All of the entries, apart from their pictures, are to be copied verbatim.

::::::::

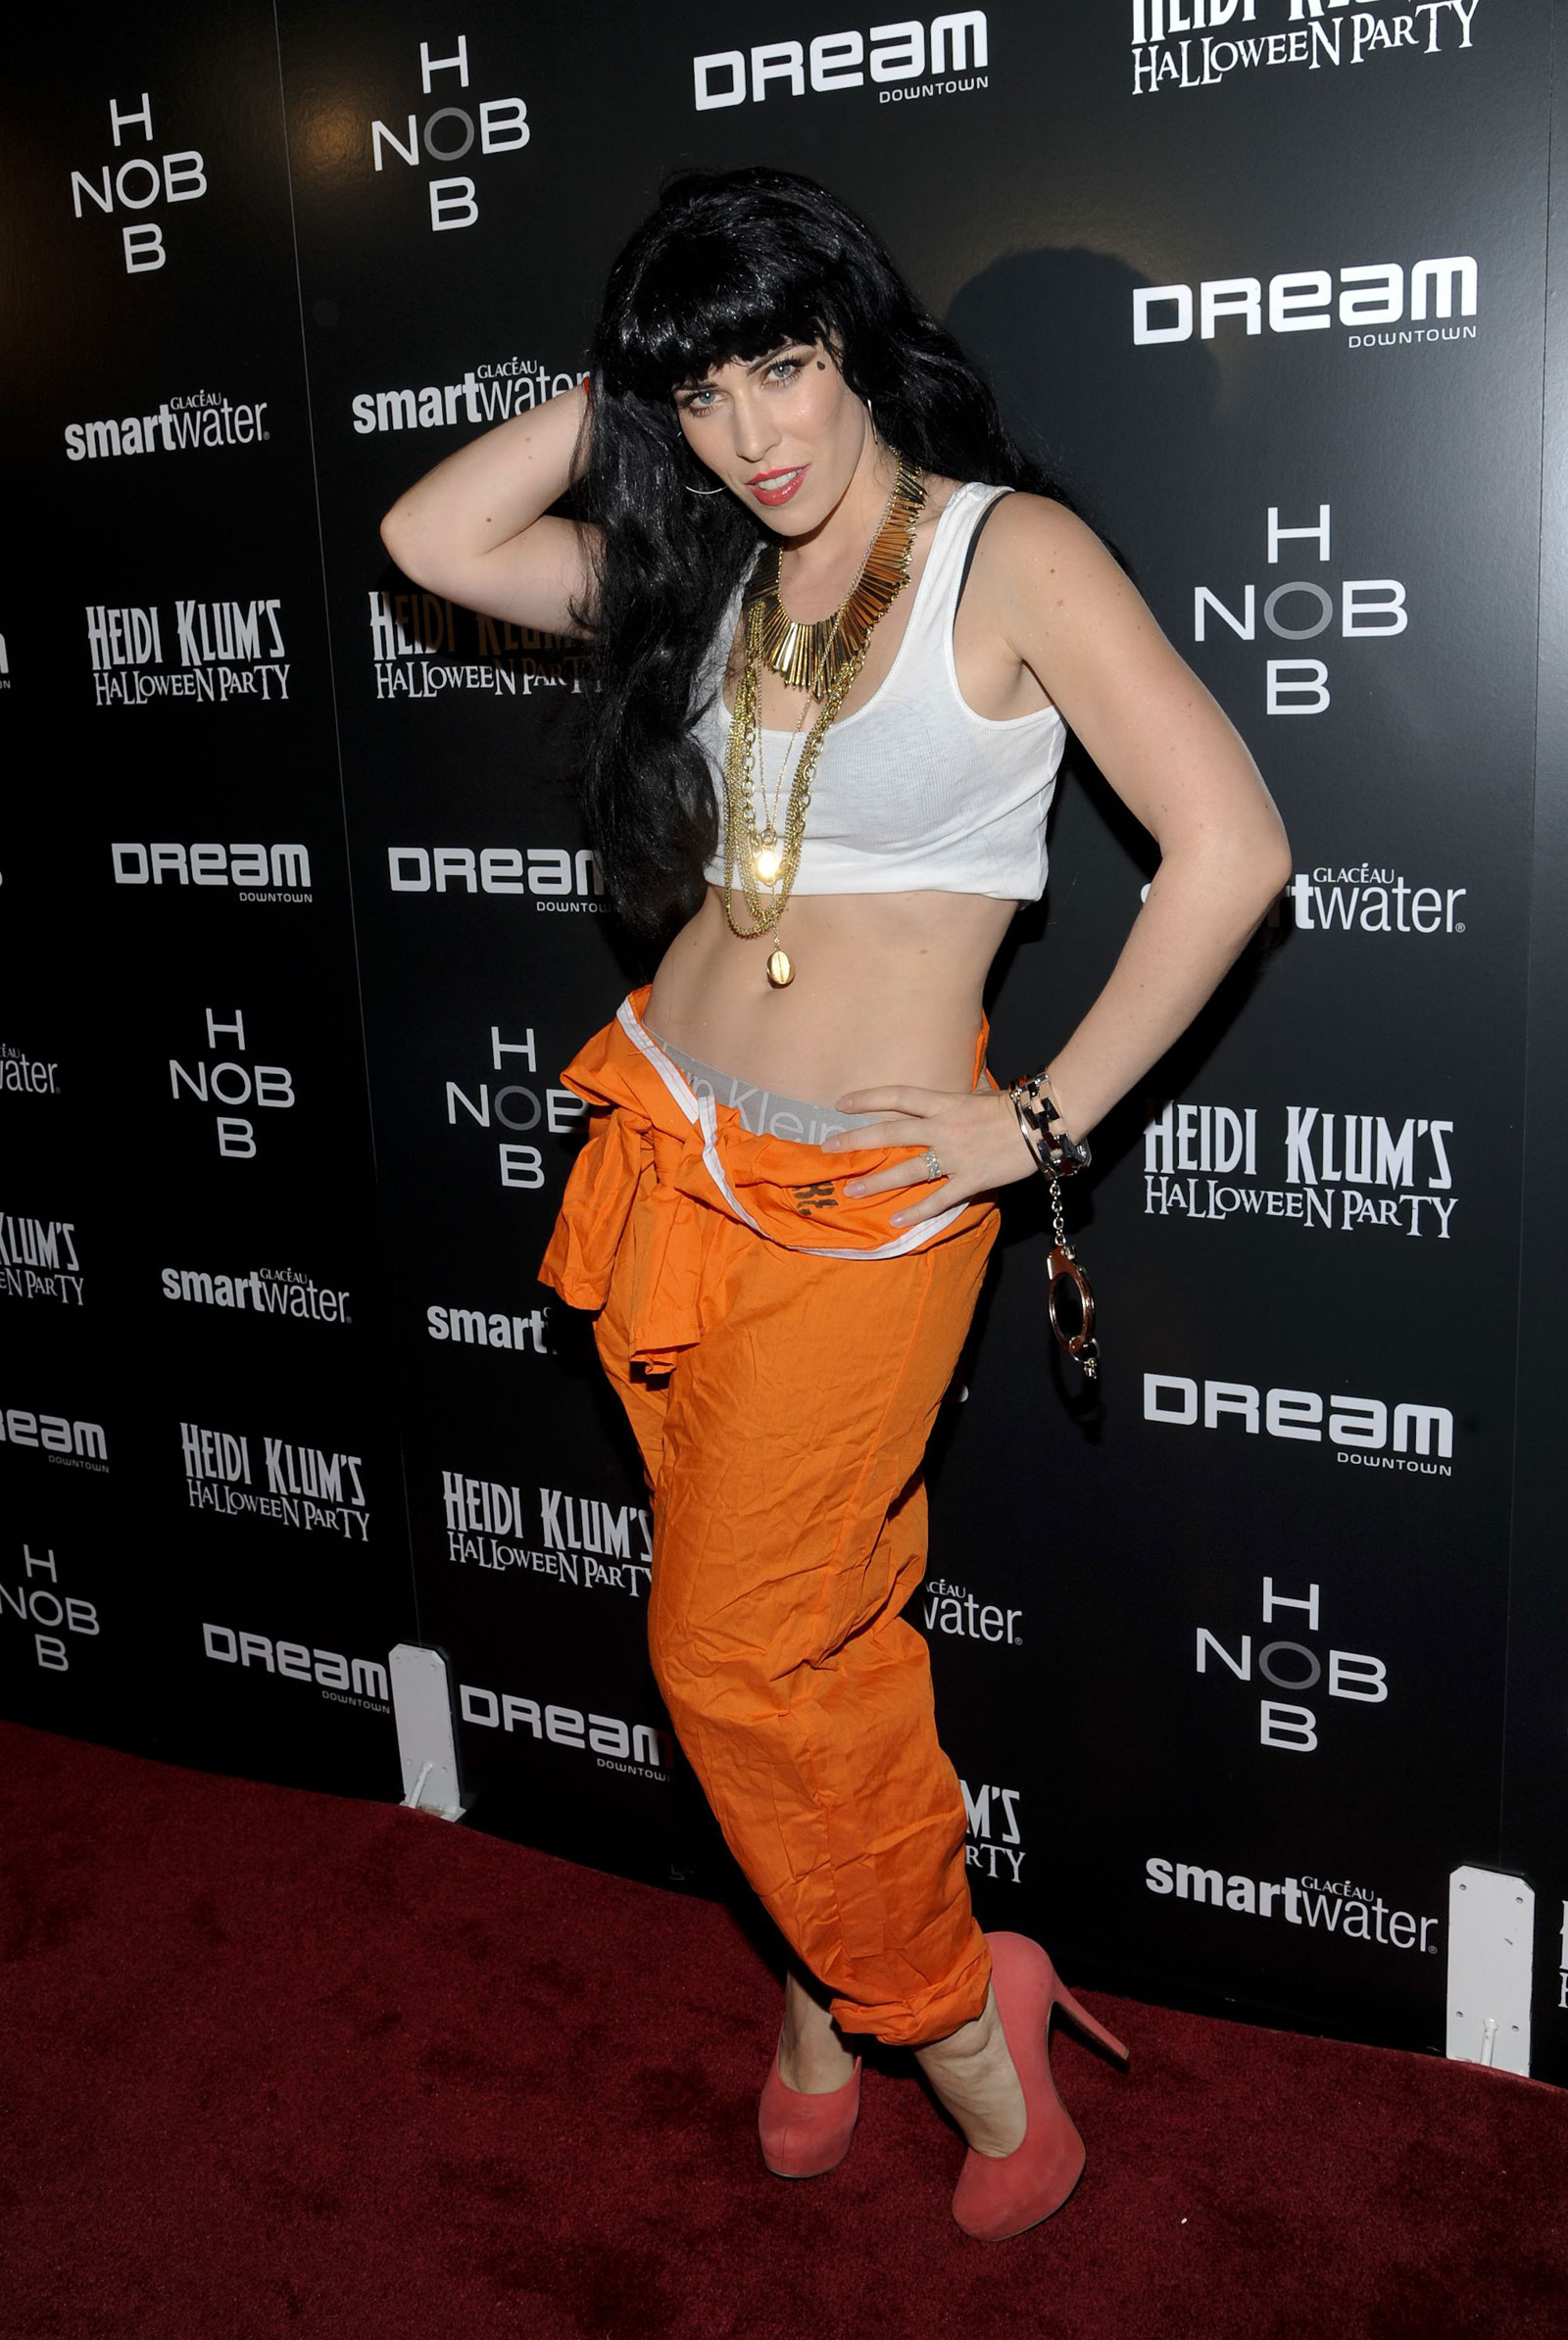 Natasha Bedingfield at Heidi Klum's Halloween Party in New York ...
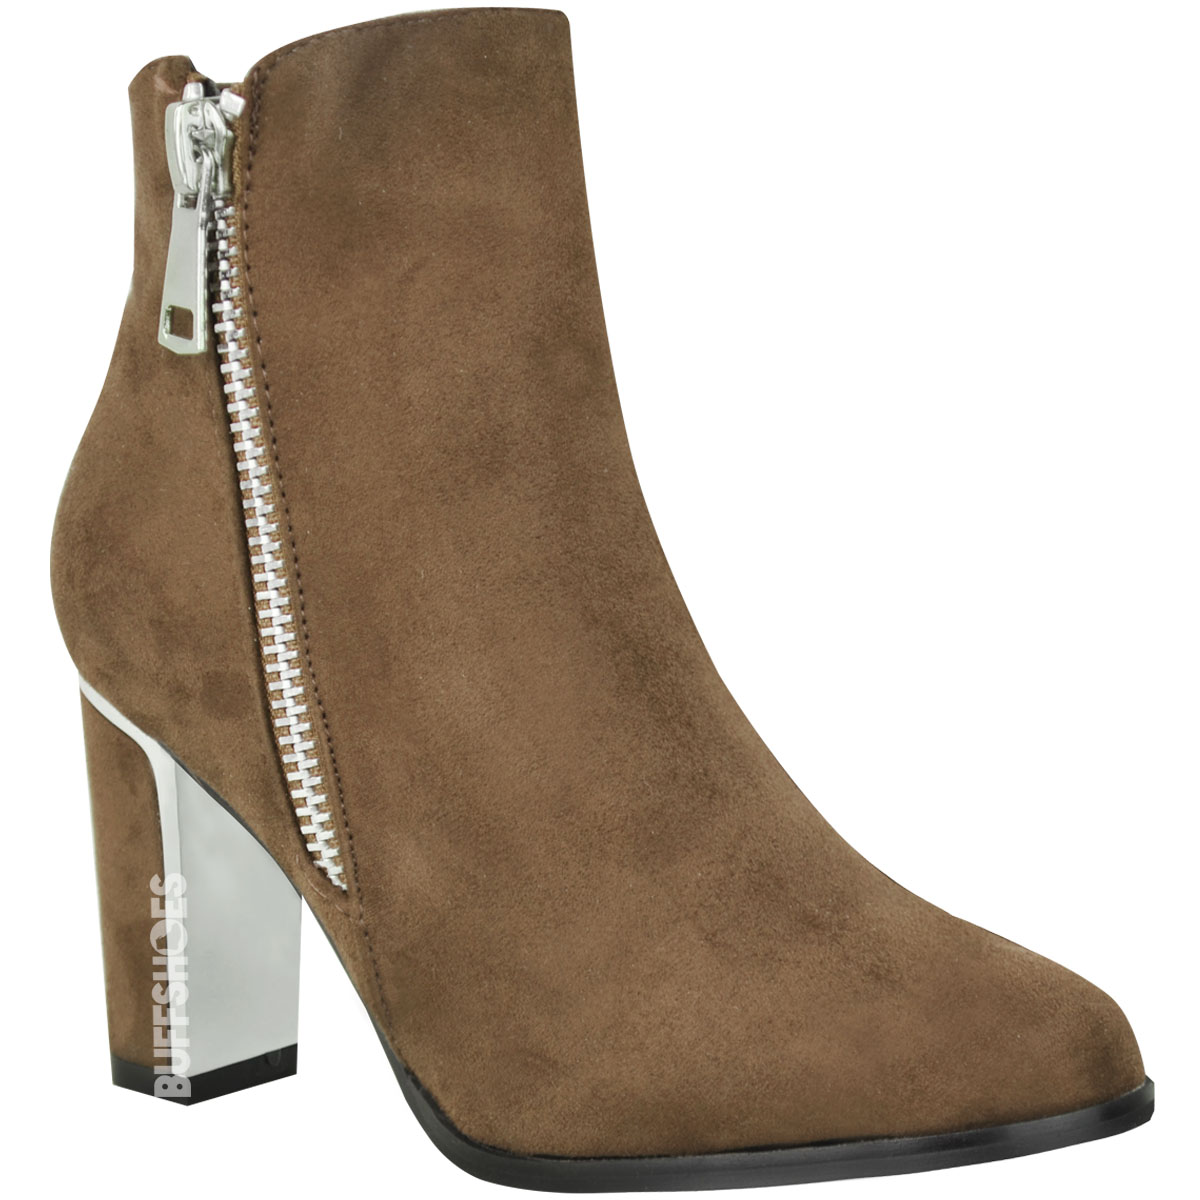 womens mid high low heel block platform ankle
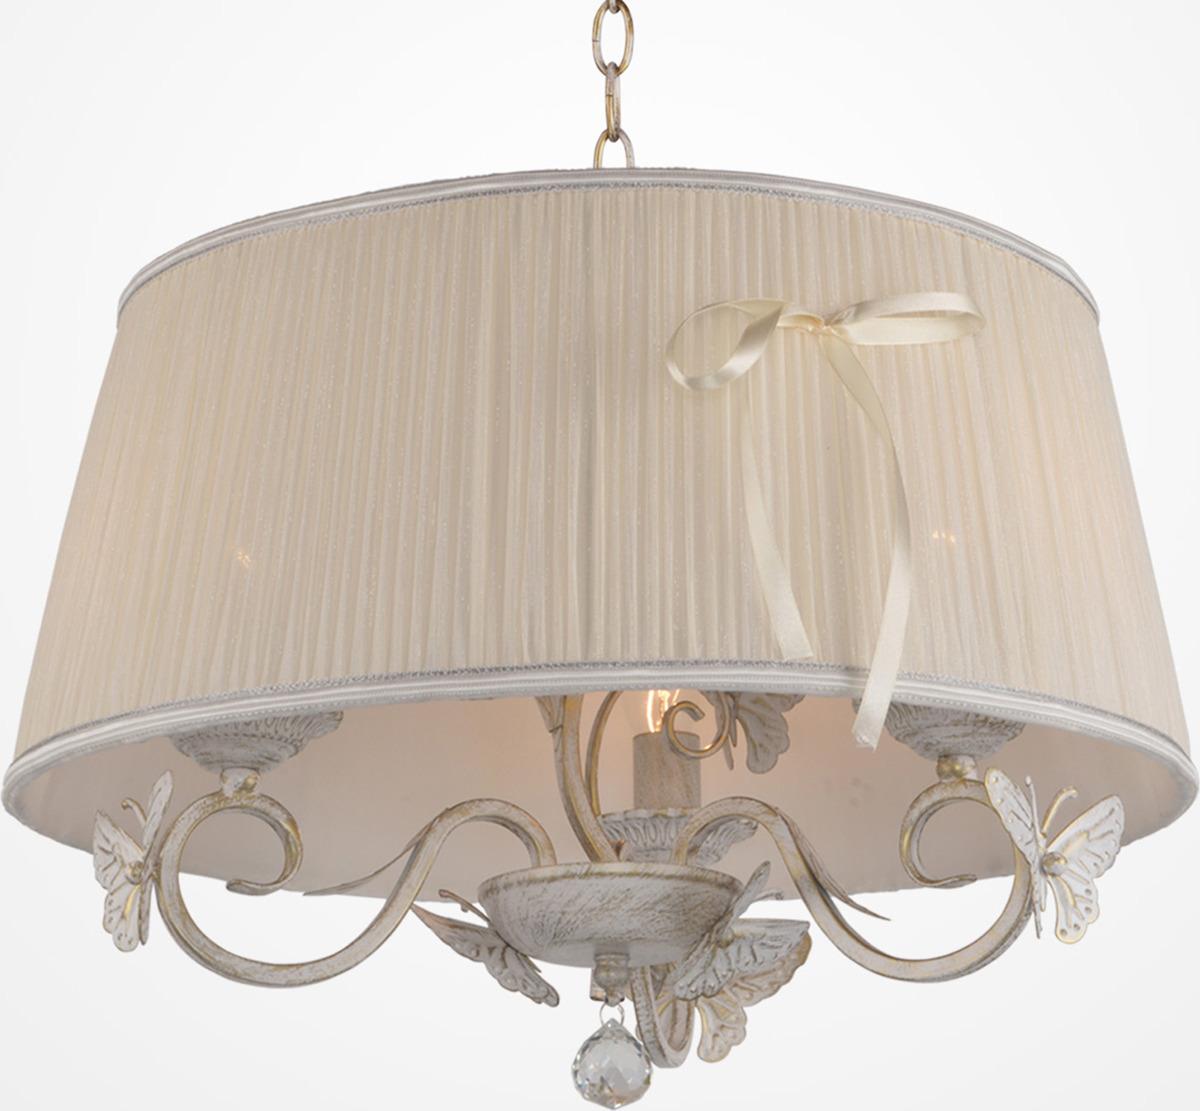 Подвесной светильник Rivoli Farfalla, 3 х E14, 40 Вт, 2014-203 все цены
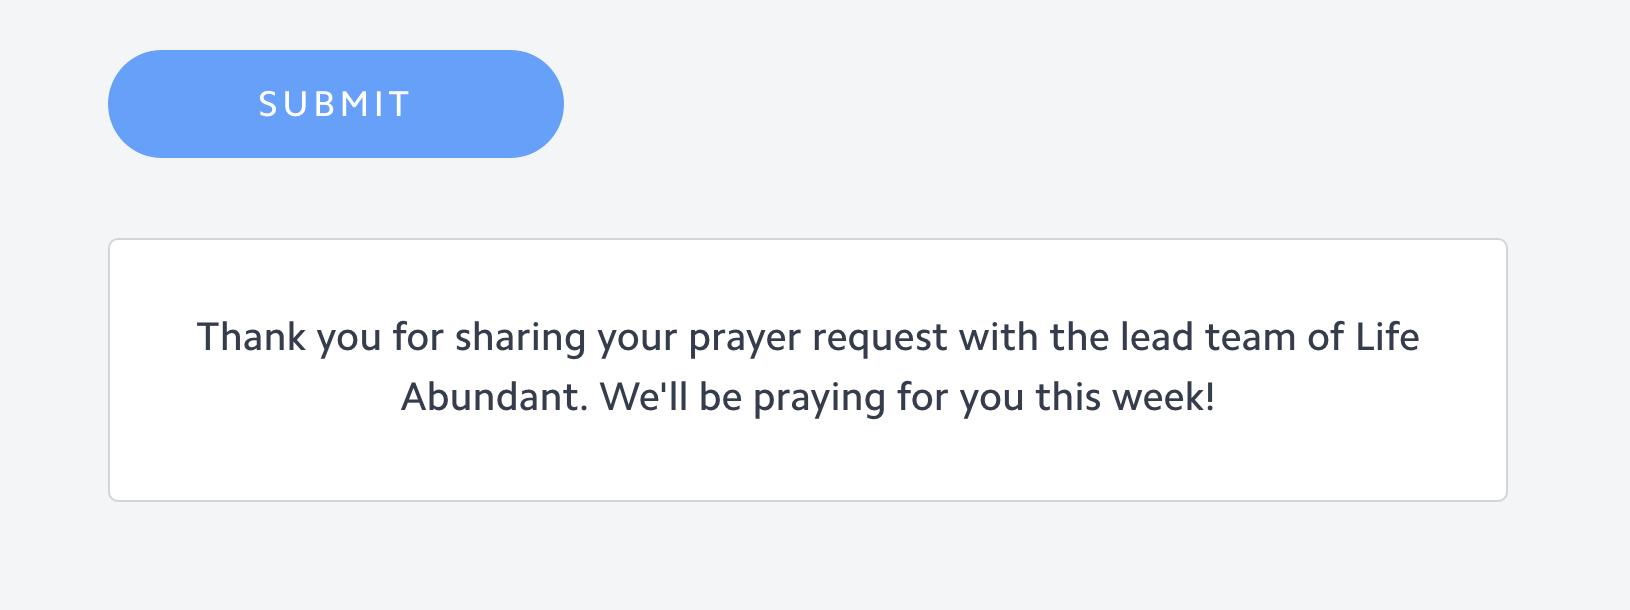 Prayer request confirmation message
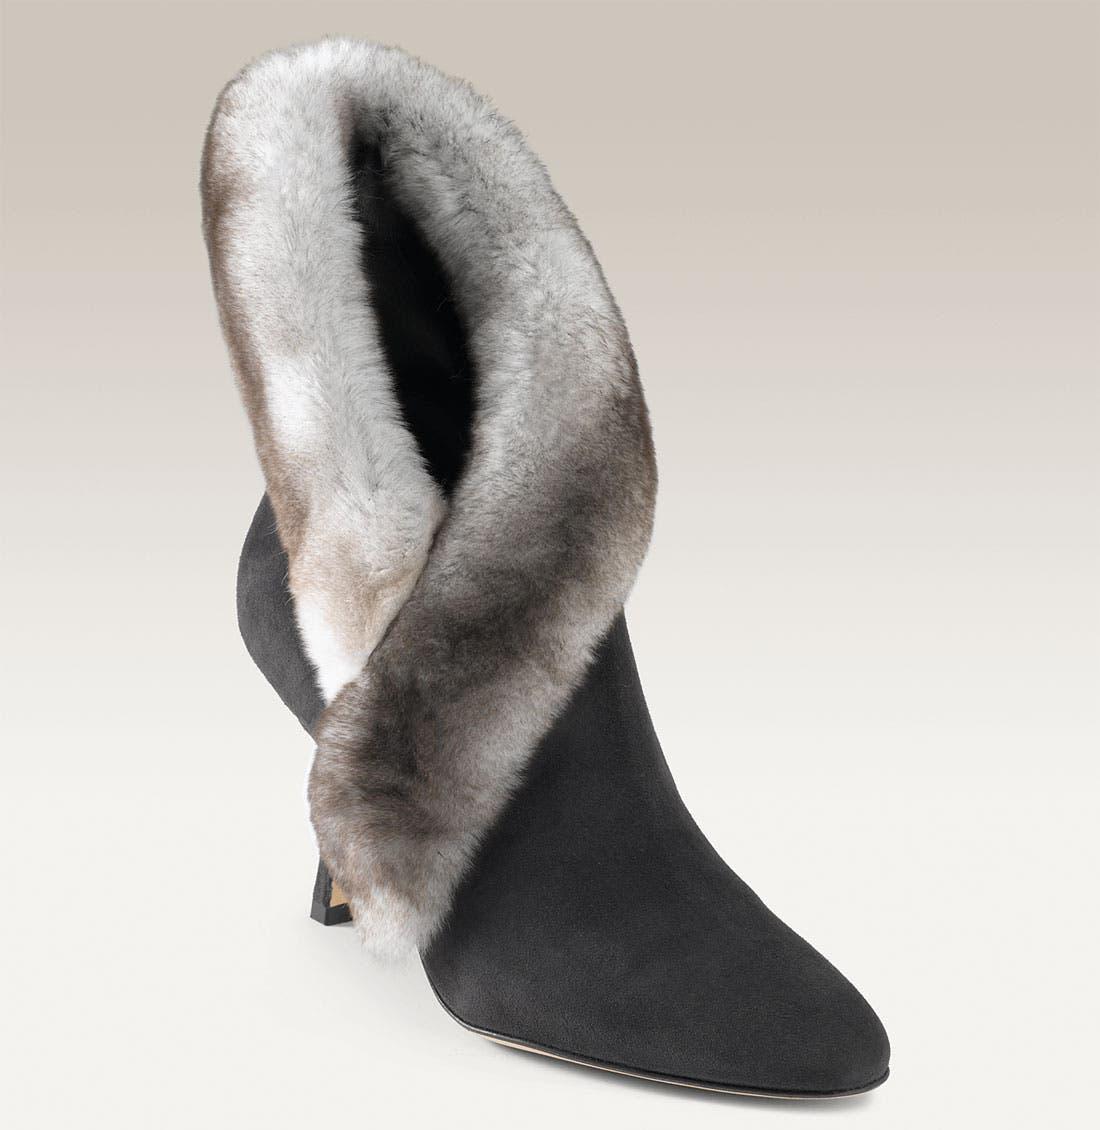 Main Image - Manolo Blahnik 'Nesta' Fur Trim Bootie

::::::::

> **Answer for the task**
 Natasha Bedingfield at Heidi Klum's Halloween Party in New York ...
 womens mid high low heel block platform ankle
 Подвесной светильник Rivoli Farfalla, 3 х E14, 40 Вт, 2014-203 все цены
 Prayer request confirmation message
 Main Image - Manolo Blahnik 'Nesta' Fur Trim Bootie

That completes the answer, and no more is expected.